Outrage, Indian student killed in Australia

The governments of India and Australia have condemned the murder of an Indian student in the city of Melbourne over the weekend.

Nitin Garg was stabbed to death while walking to work on Saturday night.

"I obviously unreservedly condemn this attack," Julia Gillard, the Australian deputy prime minister, told reporters on Monday.

"This is a nation that welcomes international students. We want to make them welcome, this is a welcoming and accepting country," he said.

Garg, 21, was a graduate accounting student at an Australian university.

His killing is the latest in a series of attacks on Indian students in the country.

Police said the motive for the attack, which they described as "vicious", was not known.

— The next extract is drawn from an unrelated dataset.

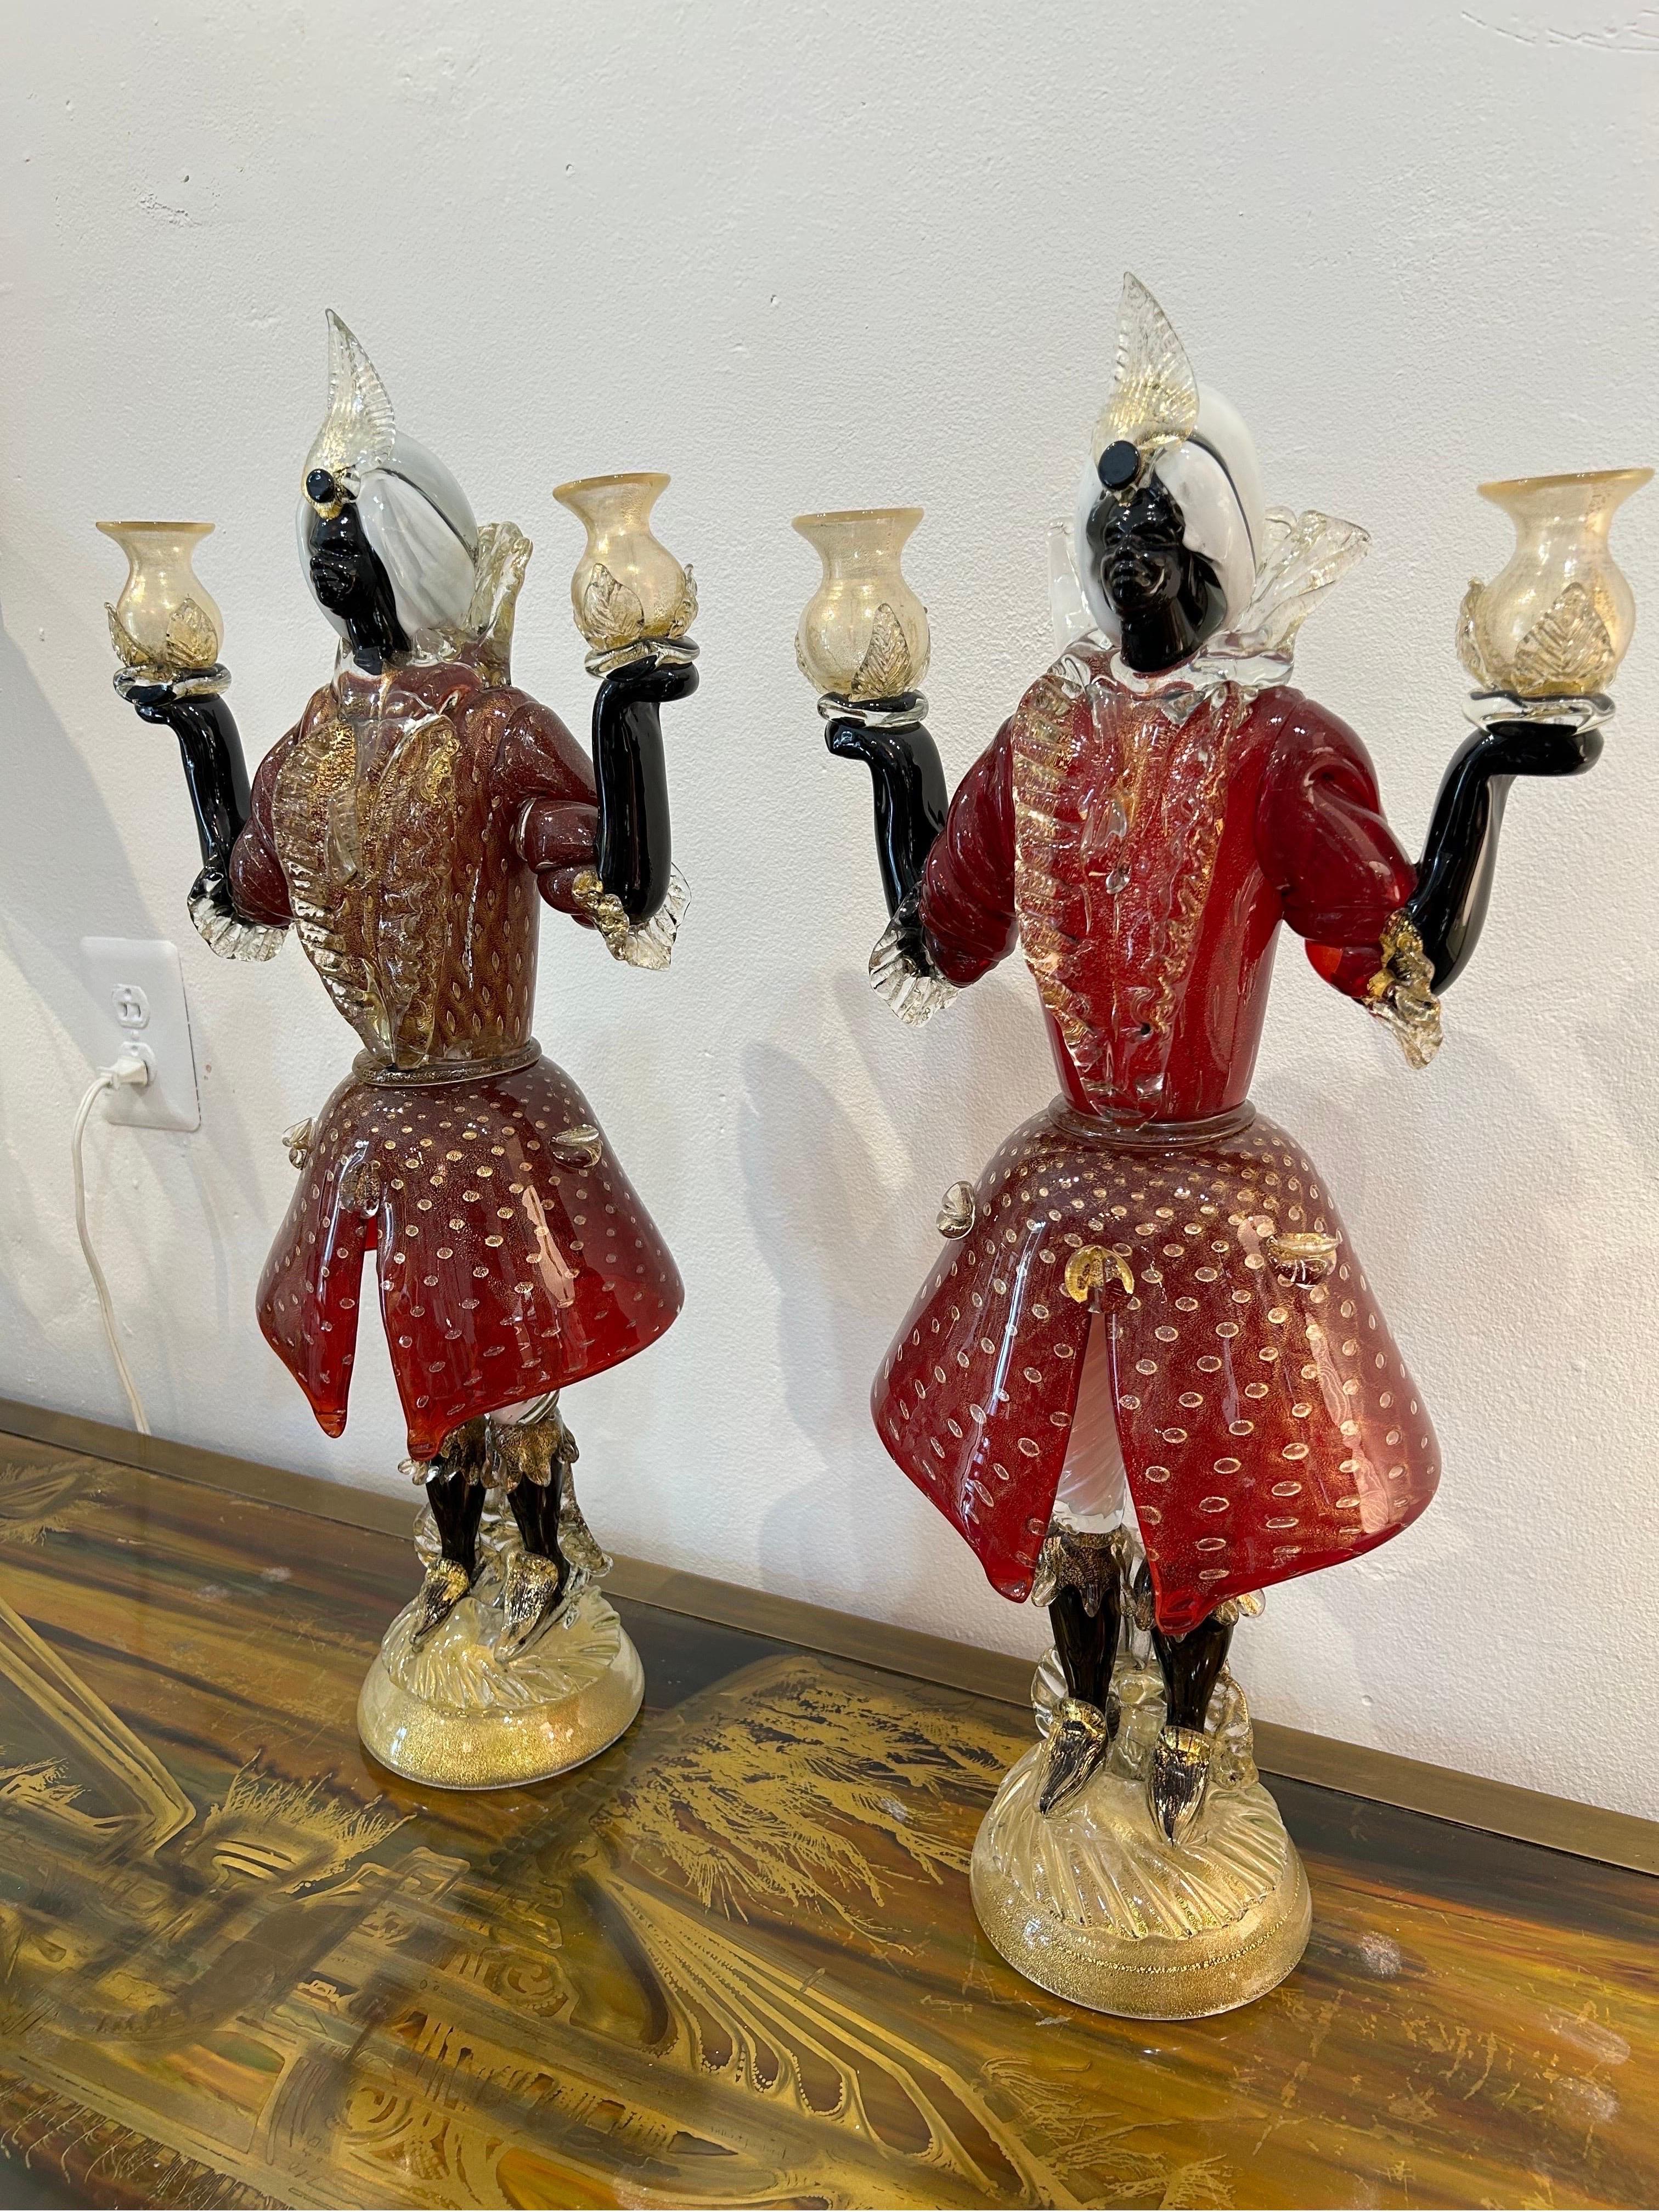 Very beautiful pair of highly decorated figural candleholders … ornately dressed figures in the 18th century Venmetiian ..Decorated in shades of red gold black and white glass… infused with bubbles and gold inclusions…Largest pair of figural

Media in India have labelled the series of attacks against Indian students in Australia as racist, but police and the Australian government have said the attacks are criminal, not racist.

'Deep anger'

SM Krishna, the Indian external affairs minister issued a statement on Sunday, condemning the "brutal attack", with Indian media warning the attacks were creating "deep anger" in India and could have a "bearing on bilateral ties".

"There is extreme shock and fear and anger," Gautam Gupta, a spokesperson of the Federation of Indian Students of Australia, told local radio on Monday.

Australia's international student sector is the country's third largest export earner, behind coal and iron ore, totalling $11.7bn in 2008.

Attacks against Indian students in 2009, mainly in Melbourne, led to protests by students and strained bilateral ties, prompting Gillard and other Australian ministers to visit India to offer assurances that everything was being done to stop the attacks.

Australian universities also sought to reassure students and their families that Australia was a safe place to study.

But a recent study forecast a 20 per cent drop in Indian students in 2010 due to the attacks.